Abstract. Mühlhauser I, Sawicki PT, Blank M, Overmann H, Bender R, Berger M (University of Düsseldorf, Düsseldorf; University of Hamburg, Hamburg; and University of Bielefeld, Bielefeld, Germany). Prognosis of persons with type 1 diabetes on intensified insulin therapy in relation to nephropathy. J Intern Med 2000; 248: 333–341.
Objective. To study the prognosis of persons with type 1 diabetes in relation to the degree of nephropathy at initiation of intensified insulin therapy.
Design. Ten years follow-up of a cohort of 3674 patients who had participated in a 5-day group treatment and teaching programme for intensification of insulin therapy between September 1978 and December 1994.
Setting. Ten diabetes centres in Germany.
Subjects. A total of 3674 patients (insulin treatment before age 31), age at baseline 27 ± 10 years, with a diabetes duration of 11 ± 9 years. Patients were divided into three groups according to baseline renal parameters (group I, normal proteinuria, n = 1829; group II, microproteinuria, n = 1257; group III, at least macroproteinuria, n = 367).
Main outcome measures. End-stage diabetic complications (blindness, amputations, renal replacement therapy), standardized mortality ratios (SMR) and causes of death.
Results. Outcome measures were documented for 97% of patients; 251 (7%) had died. During follow-up, 1% of patients in group I, 4% in group II, and 47% in group III had at least one end-stage diabetic complication. SMR for men: nephropathy group I, 2.2 (95% CI = 1.5–3); group II, 3.2 (2.3–4.3); group III, 11.5 (8.8–14.7). SMR for women: group I, 2.5 (1.5–3.8); group II, 3.5 (2.2–5.3), group III, 27 (19.8–35.9). Causes of death for men and women combined: group I (total 58 deaths) – cardiovascular, 21 (36%); hypoglycaemia, 1; ketoacidosis, 3; violent deaths, 17 (29%); others, 16; group II (66 deaths) – cardiovascular, 25 (38%); hypoglycaemia, 2; ketoacidosis, 2; violent deaths, 14 (21%); others, 23; group III (114 deaths) – cardiovascular, 68 (60%); hypoglycaemia, 2; ketoacidosis, 5; infections, 15 (13%); violent deaths, 5 (4%); others, 19.

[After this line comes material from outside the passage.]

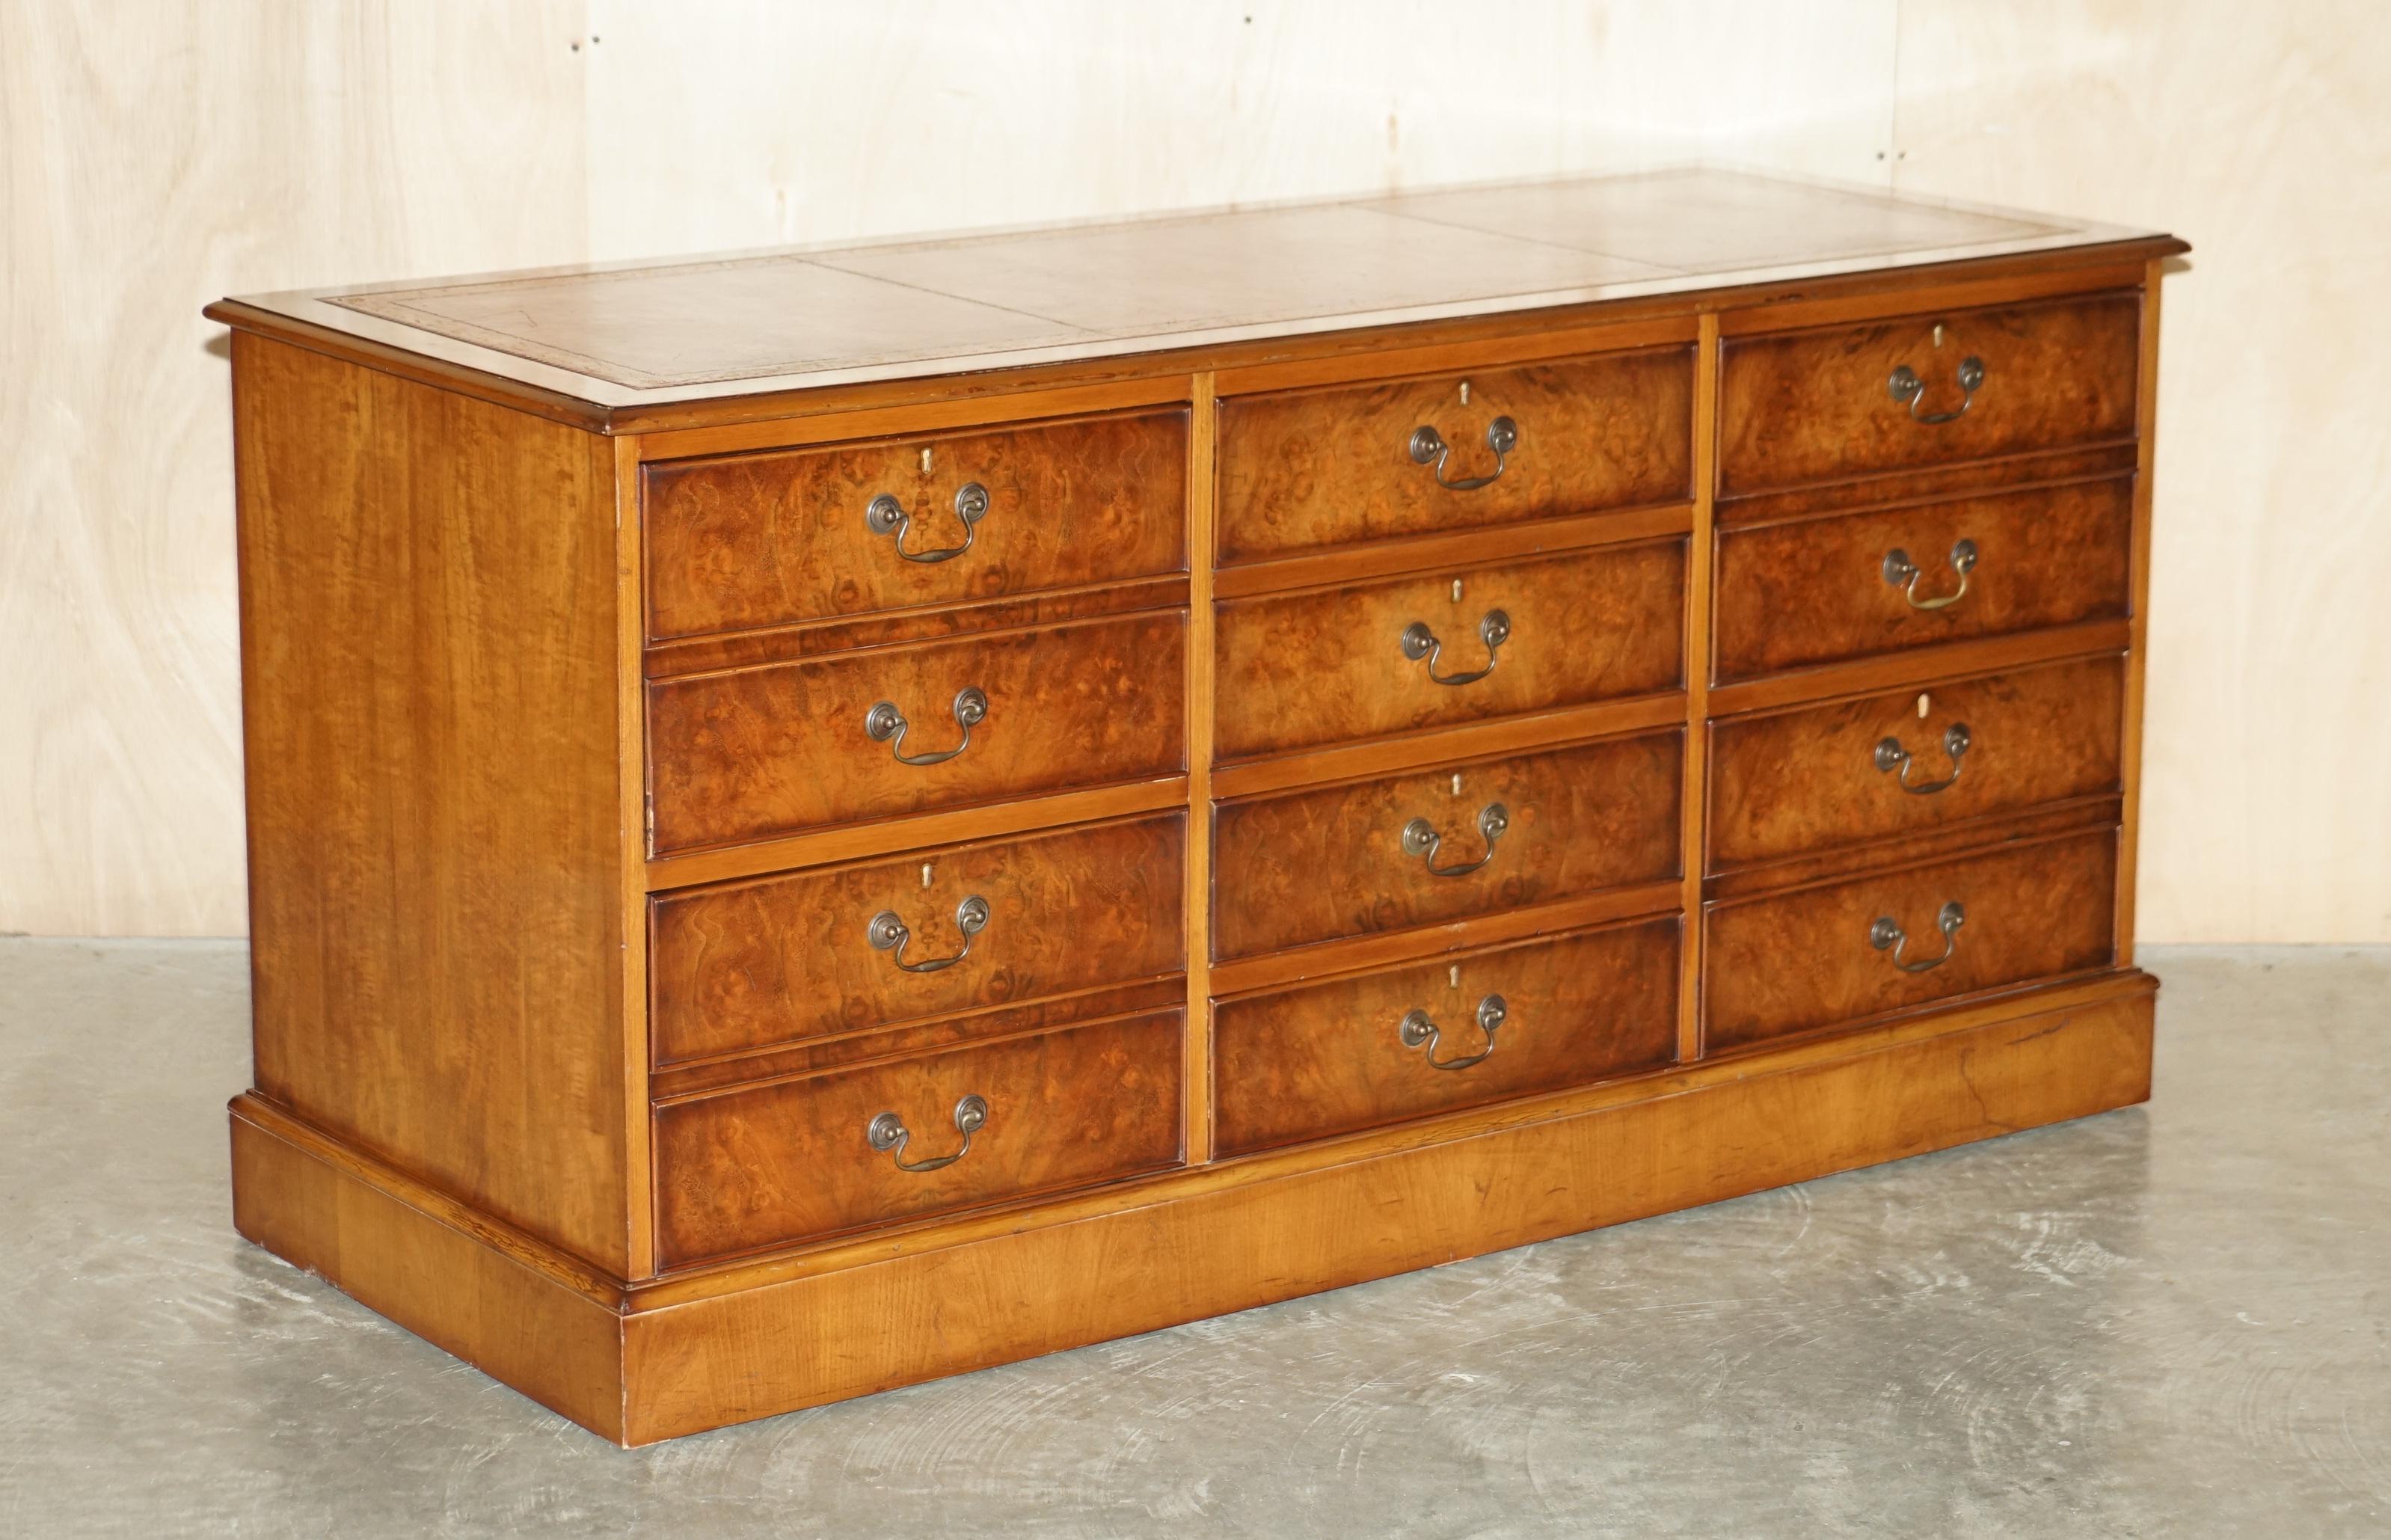 We are delighted to offer for sale this lovely Burr Walnut triple bank filing cabinet with three drawers to the middle and Oxblood leather top

A truly stunning piece, if burr walnut is your thing or just timber patina that is to die for then look

Conclusions. Patients with microproteinuria have only a slightly worse prognosis than patients with normal proteinuria during the first 10 years after initiation of intensified insulin therapy. Excess mortality amongst patients who started intensified insulin therapy is mainly due to those with manifest clinical nephropathy.